The size of global debt, per se, doesn't tell us a lot about geopolitics or the various relationships of debt that combine to produce a figure of global indebtedness. Nonetheless, the vast size of global debt, reported by the Wall Street Journal at $223.3 trillion (313 percent of global GDP) is noteworthy insofar as it is contextualized. A new report on global indebtedness by economists at ING found that debt in developed economies amounted to $157 trillion, or 376 percent of GDP. Emerging-market debt totaled $66.3 trillion at the end of last year, or 224 percent of GDP. We see, then, that emerging markets continue to rely heavily on debt for development.
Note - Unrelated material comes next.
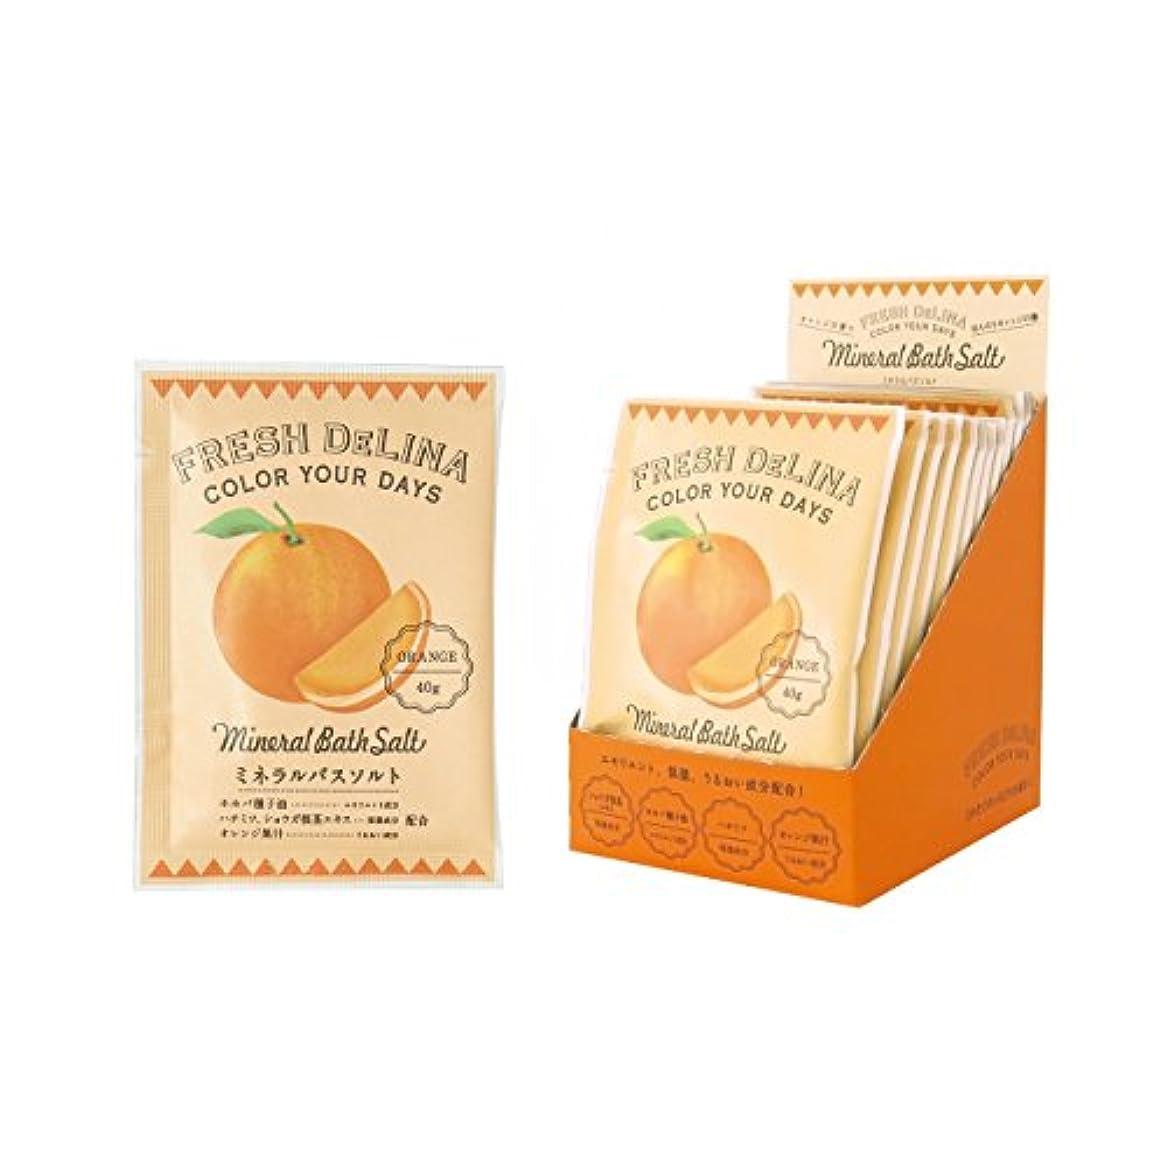 契約する一般閉塞フレッシュデリーナ ミネラルバスソルト40g(オレンジ) 12個 (海塩タイプ入浴料 日本製 フレッシュな柑橘系の香り)

But, as ING noted, "Per-capita indebtedness is still just $11,621 in emerging economies (and rises to $12,808 if you exclude the two largest populations, China and India). For developed economies, it’s $170,401. The U.S. alone has total per-capita indebtedness of $176,833, including all public and private debt."
Via WSJ:
“Increasingly, ‘debt’ is seen as a dirty word,” the ING research team said in a report released this week. “But in most cases, it should not be. Perhaps it is no coincidence that the rise of U.S. indebtedness coincided with improvements in technology and the globalization of trade, human labor and finance. Computers allowed for speedier processing and better and more transparent access to credit risk data.”
“Debt can become dirty when the rise of debt service costs exceeds income and a borrower’s long-term ability to make payments and often when rapid growth of debt and/or lack of adequate transparency disguises creditworthiness issues,” they write.